ImmunoRadAI
This group belongs to the UMR 1030 Molecular Radiotherapy and Novel Therapeutics
- Radiotherapy is the second most used treatment to fight cancer after surgery. Ionising radiation has always been used to treat cancer by killing tumour cells, in particular by inducing DNA damage. This view of radiotherapy as a simple cytotoxic agent has changed dramatically in recent years, and it is now widely accepted that radiotherapy can profoundly redirect the tumour environment by modulating the immune response. Our projects aim at a better understanding of the effects of radiotherapy on the immune system, with the objective of combining it with immunomodulating agents to increase therapeutic efficacy.
- Radiotherapy doses are prescribed today in an almost identical way for all patients without taking into account all their personal specificities. The projects we are conducting aim to define, using multiple data (images, biopsies, genome), the response to conventional treatment of each patient based on artificial intelligence models. The objective is to determine, in the long term, the prescription and the method of dose delivery that will maximize the chances of response.
Current research
The ImmunoRadIA research team is a multidisciplinary team composed of biologists, engineers, physicists and physicians. The team's work is focused on two main research areas: biology and artificial intelligence applied to radioimmunotherapy.

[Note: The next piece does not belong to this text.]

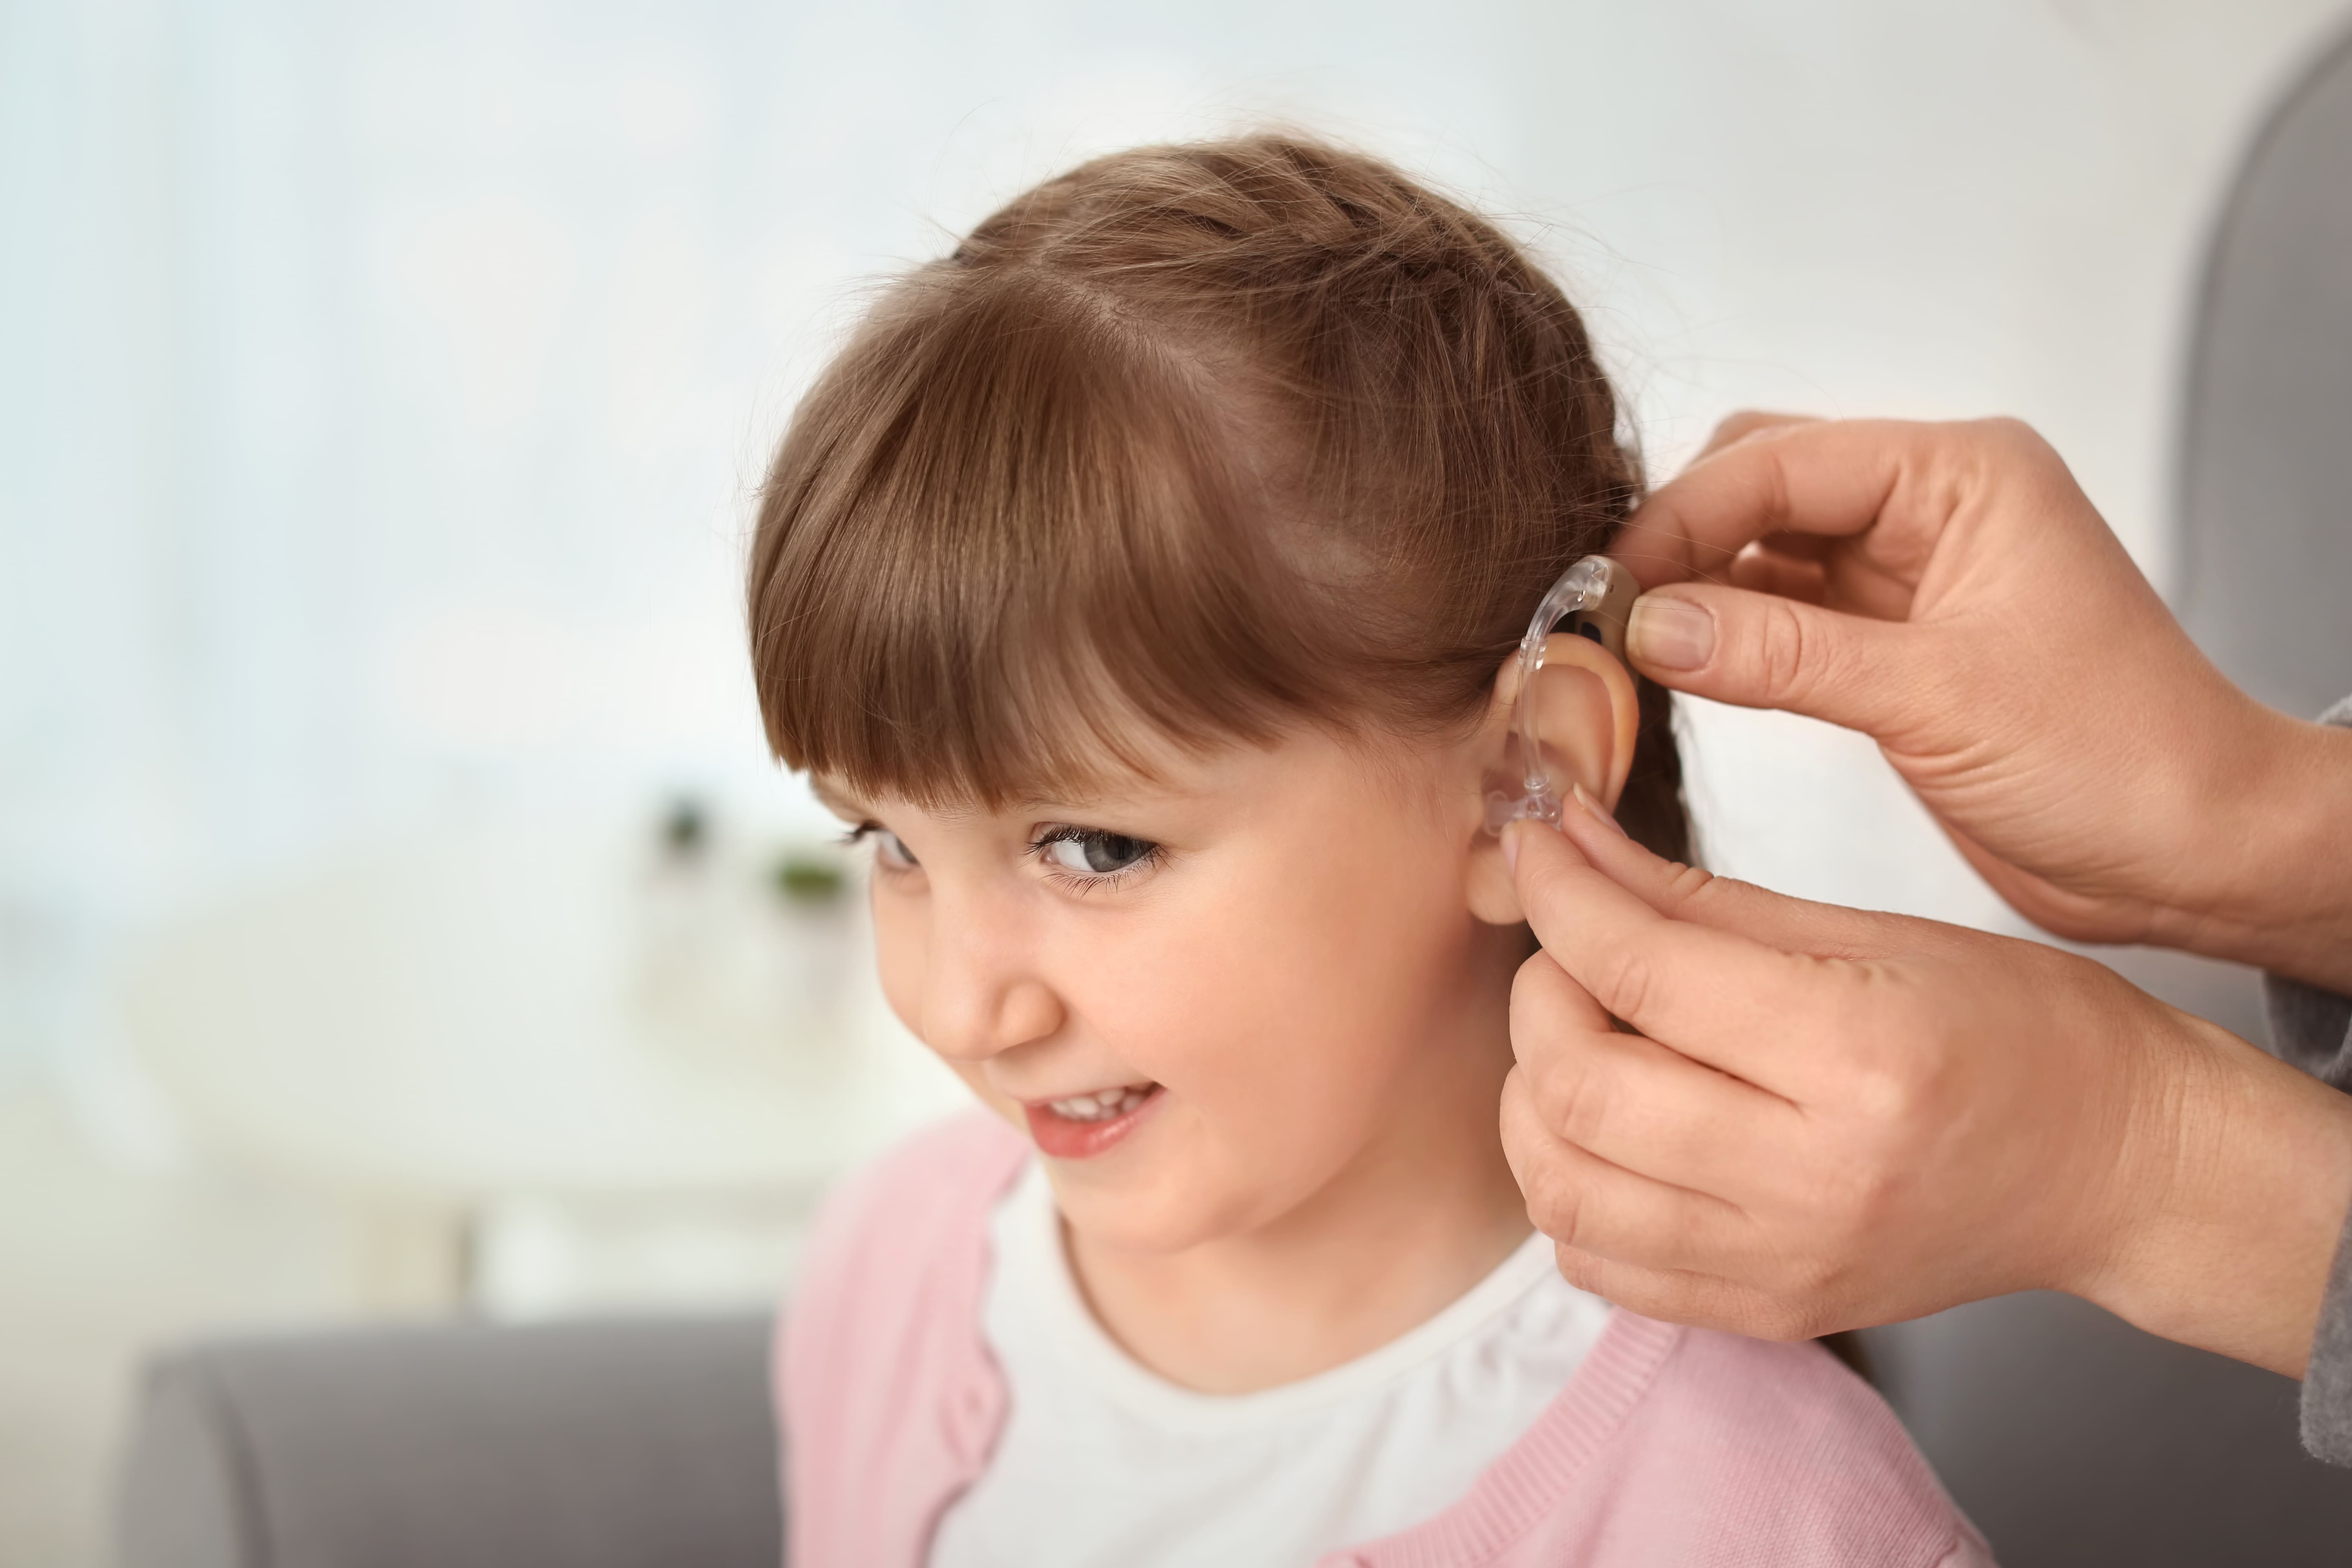 Заболевания слуха и зрения. Дети с нарушением слуха.. Ребёнок сос луховым аппаратом. Слуховой аппарат для детей. Девочка со слуховым аппаратом.

The main objective of the first axis is to improve the effectiveness of radiotherapy by modulating the immune response. The research group aims to decipher in vivo the recruitment and role of immune cells in irradiated tumours using relevant preclinical models. A better understanding of the immune mechanisms of response to radiotherapy allows the development of new treatment strategies, based on the combination with immuno-modulating molecules. Collaboration with various industrial partners (both "big pharma" and innovative start-ups) gives the research group access to the most recent molecules. In addition, the analysis of the modulation of the immune response can also allow the identification of biomarkers of response to radiotherapy and immunotherapy. Part of the group's research efforts are also dedicated to understanding the effects of irradiation on healthy tissue, with the aim of reducing the toxicities associated with radiotherapy.
The second axis is dedicated to artificial intelligence. Its overall objective is to optimize the use of multicomponent data (clinical, biological, genomic, imaging, and anatomopathological data) in order to personalize treatments combining radiotherapy +/- immunotherapy. To this end, studies are conducted at different stages of the patient's journey. Initially, at diagnosis, the aim is to identify patients who do not respond favourably to standard therapy at an early stage. Secondly, the aim is to develop tools to facilitate the automation, reproducibility and precision of radiotherapy treatment planning. In this same step, our objective is also to make the best use of the information contained in multimodal images (PET, CT, MRI) in order to predict the local or loco-regional evolution of the disease and thus to set up personalized heterogeneous irradiations that can be potentially adapted during treatment. Finally, we are particularly invested in ongoing clinical trials combining radiotherapy and immunotherapy in which our objective is to understand the correlations between the content of medical images and the underlying biology, with a view to providing clinical and dosimetric recommendations to improve patient response to these innovative treatments. All this work is carried out thanks to the collaboration of physicians, physicists, mathematicians, computer scientists and biologists whose complementarity is essential to their success.